08:48 AM EST, 11/28/2024 (MT Newswires) -- Thursday's flash estimate of German inflation in November wraps up a good day for the European Central Bank hawks, said ING.
With headline inflation accelerating and economic sentiment stabilizing, opposition against a 50bps rate cut at the December meeting will grow stronger, wrote the bank in a note.
German headline inflation came in at 2.2% year on year, up from 2.0% in October. Back in September, headline inflation was still at 1.6% year over year, The European inflation measure came in at 2.4% year over year, unchanged from October.
Thutday's rebound in German inflation was mainly the result of less favorable energy base effects, while at the same the timing of school vacation during the fall season inserted downward pressure on headline inflation, stated ING.

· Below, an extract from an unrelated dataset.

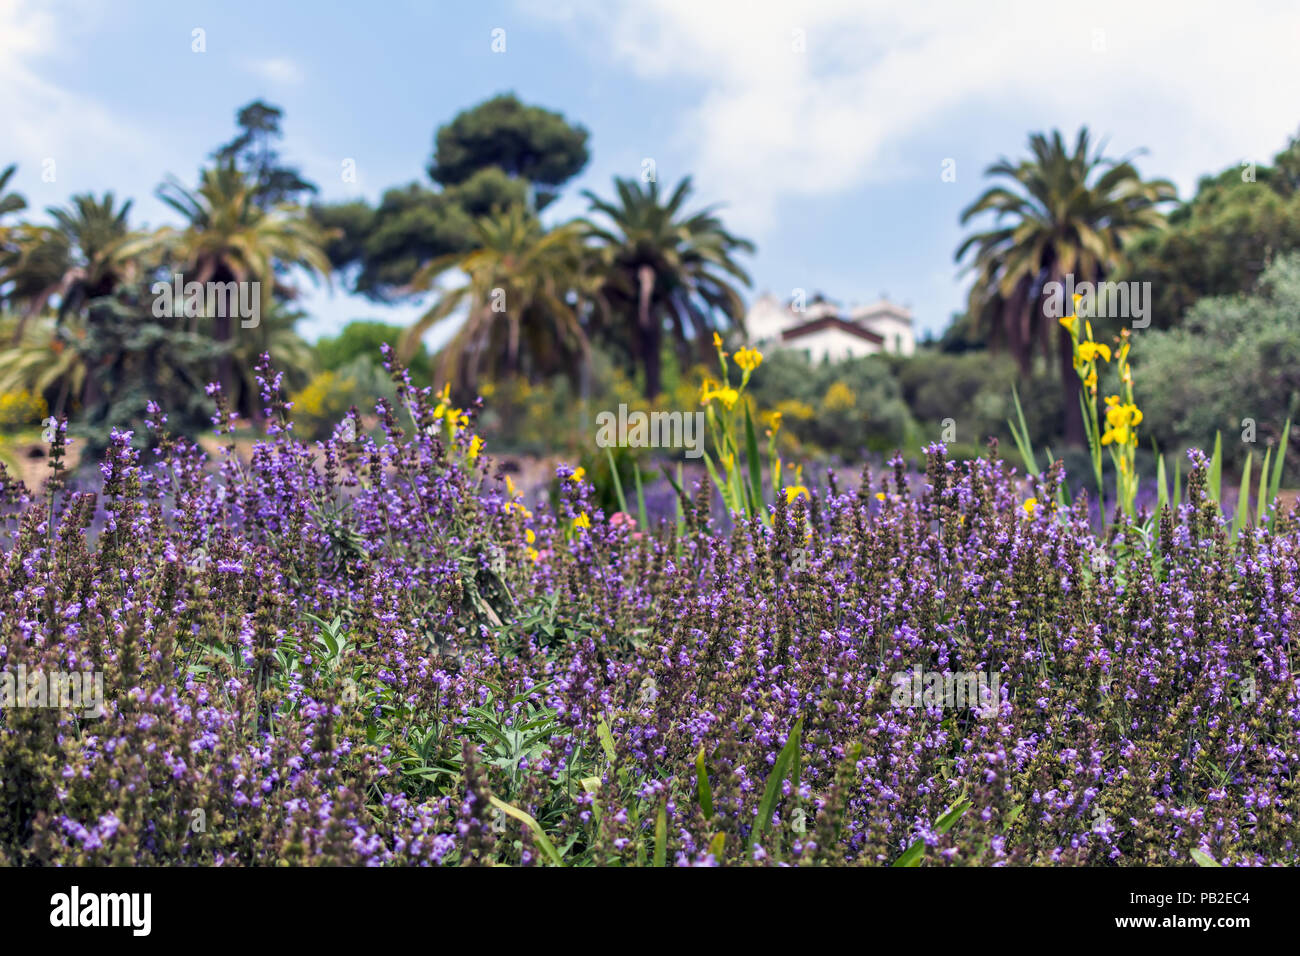 Lush purple sage flowers (Salvia officinalis) with Casa Marti Trias i Domenech (house of Marti Trias i Domenech) and palms in the background in the Pa Stock Photo

Looking ahead, the stickiness of inflation at slightly too high a level still looks set to continue as favorable energy base effects will continue petering out while wages are increasing, pointed out the bank. However, with the current turning of the labor market, wage growth should come down more significantly than previously thought, leading to more disinflationary pressures next year.
As a result, ING continues to expect inflation to remain within the broad range of between 2% and 2.5% in 2025.
With Thursday's surprise -- but meager -- improvement in eurozone sentiment and now German inflation, some ECB members might start doubting both the October rate cut decision and the opening to even larger rate cuts at the December meeting, added the bank.
What remains is the genuine idea of almost all ECB officials that the rate-cutting cycle will continue. The only question is for how long and how far. Wednesday's remarks by ECB policymaker Isabel Schnabel stressed the hawkish case, which is one of a very gradual process of cutting rates.
However, even more important than the debate about 50bps or 25bps at the December meeting is the question of how far the ECB will eventually go with rate cuts. Here, Schnabel tried to mark her preferred terminal rate of between 2% and 3%, while Chief Economist Philip Lane's comments earlier on suggested that the ECB could clearly go below any neutral interest rate level next year.
In any case, having been slow to address rising inflation and arguably late in stopping rate hikes last year, the ECB now appears determined to get ahead of the curve and return interest rates to neutral as quickly as possible, according to ING. For the doves, this is a no-brainer, and for the hawks, the argument might be that getting rates back to neutral quickly could be enough to avoid another episode of unconventional monetary policy with quantitative easing and negative interest rates further down the line.
Thursday's macro data releases in the eurozone, however, should encourage the ECB hawks to object to a 50bps rate cut in December and the case for a 25bps rate cut is growing.
A 50bps rate cut decision would be a security move to preempt any potential risks for the eurozone economy coming from the next US administration's potential economic policy choices. A 25bps rate cut decision would rather follow the cautious meeting-by-meeting approach, though running the risk of not yet getting ahead of the curve.
The bank will wait for Friday's eurozone inflation numbers to finally make up its minds.